- **Problem requirements**: For this task, extract exactly the lines of the data below, from the line containing "特別展「日月頌―顔水龍与台湾」" through the last one, with pictures left out.

- **Collected data**:
-*-*-
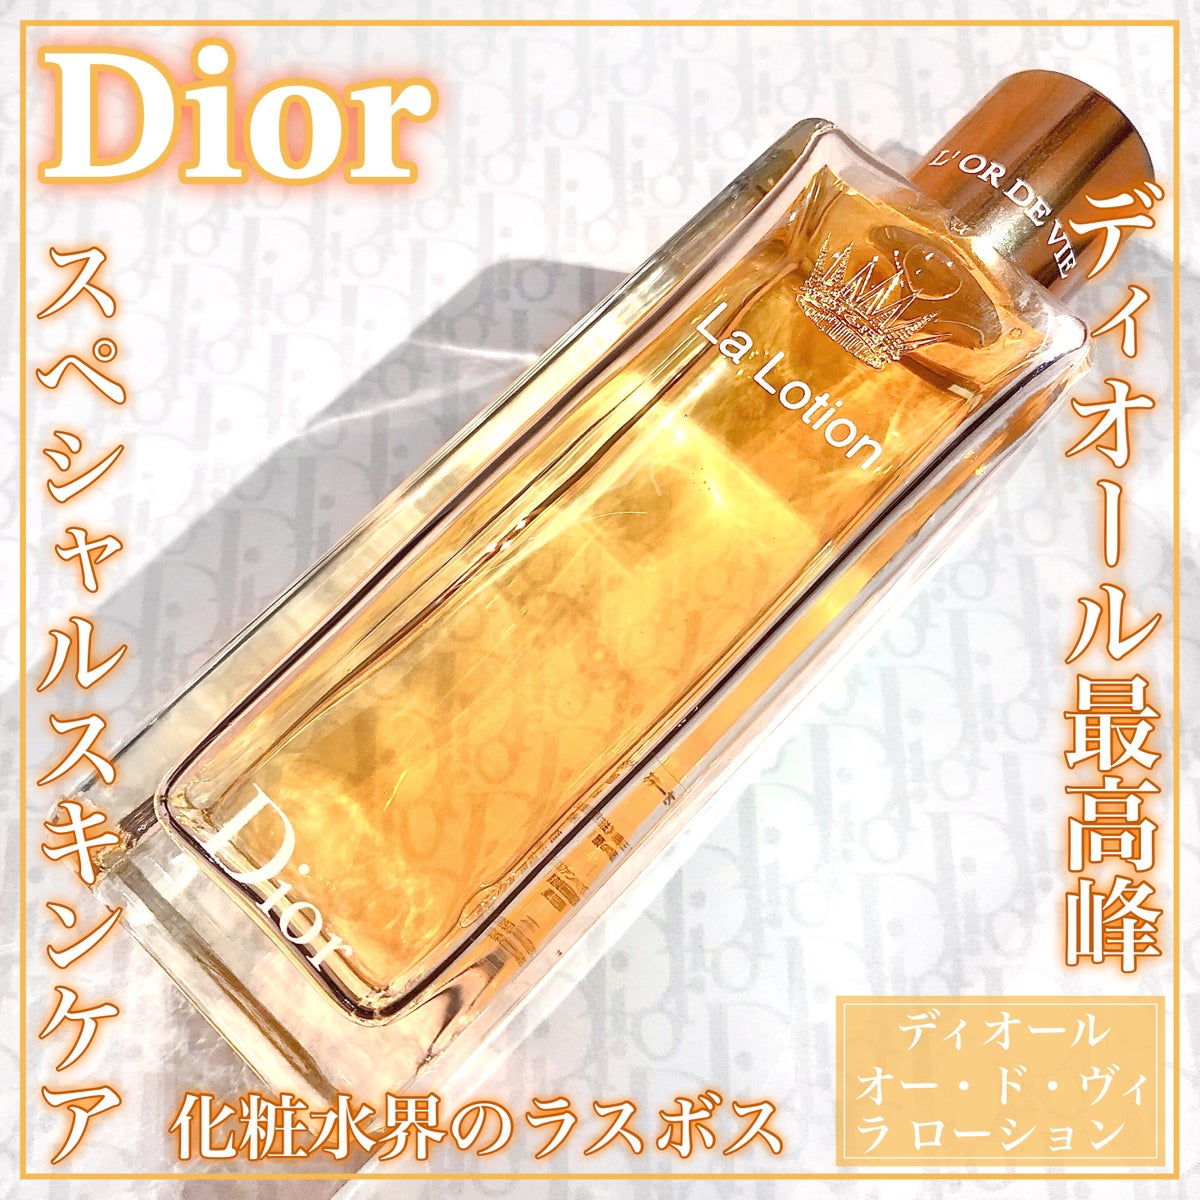 Dior*オードヴィラローション〈保湿化粧水〉200ml - 化粧水/ローション
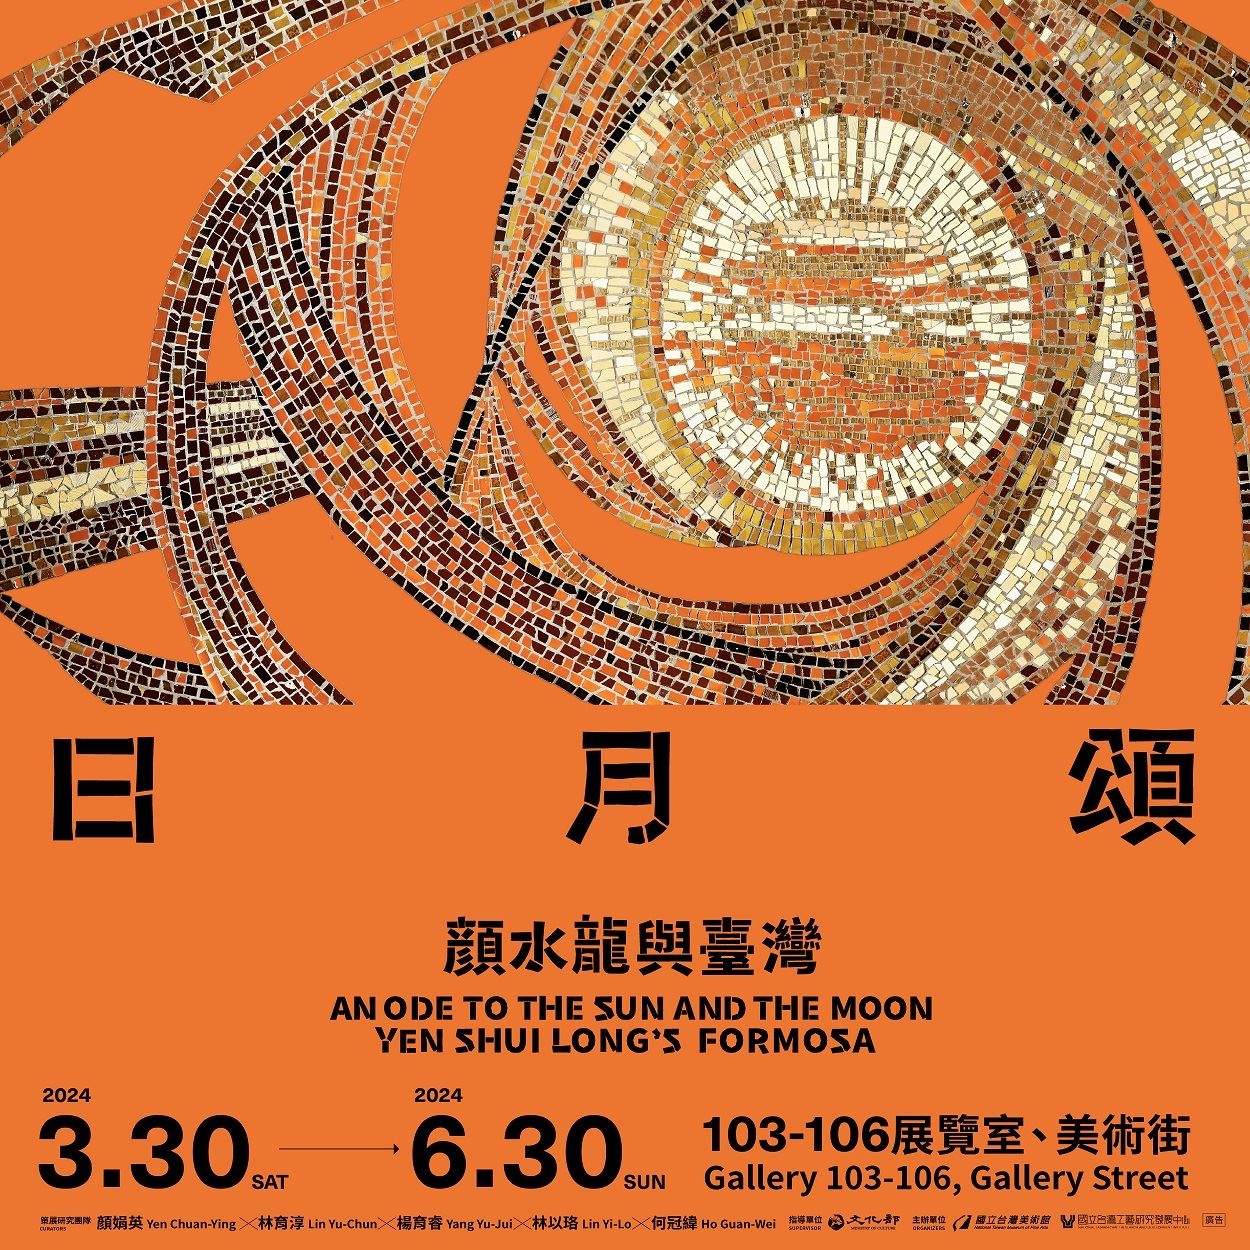 特別展「日月頌―顔水龍与台湾」
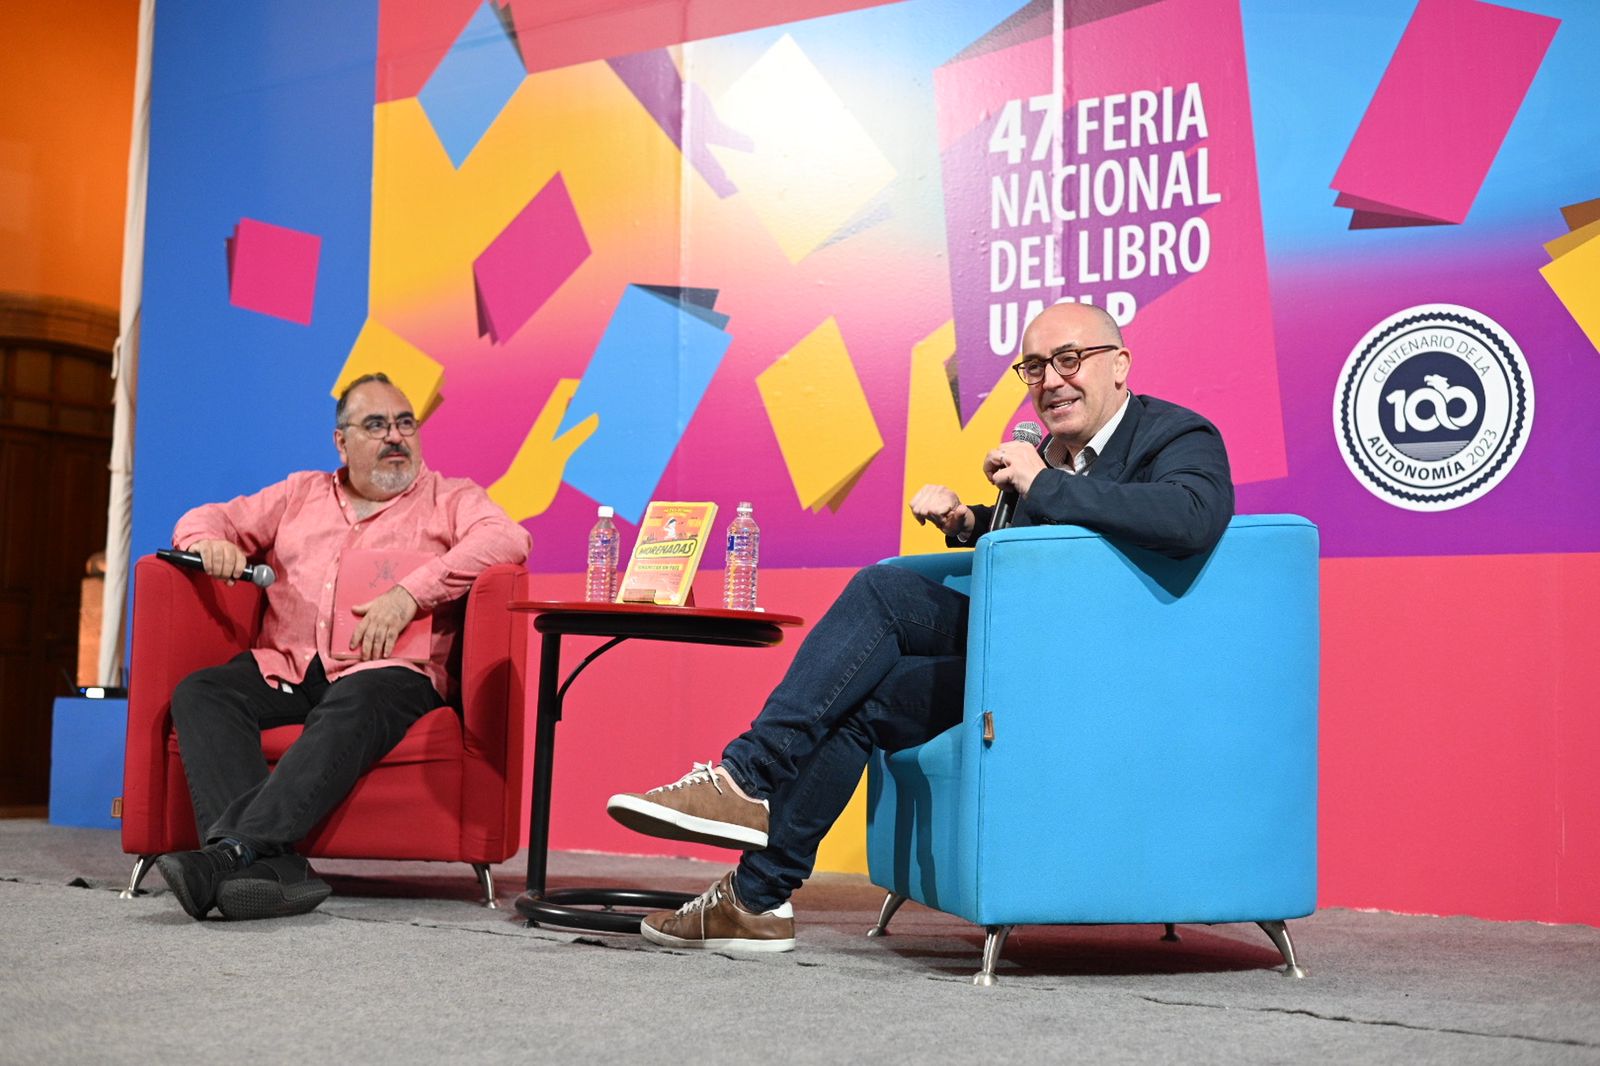 Julio Patán y Alejandro Rosas presentaron su libro “Morenadas” en la 47 Feria Nacional del Libro UASLP
-*-*-
- **Response to the task**:
 特別展「日月頌―顔水龍与台湾」
 Julio Patán y Alejandro Rosas presentaron su libro “Morenadas” en la 47 Feria Nacional del Libro UASLP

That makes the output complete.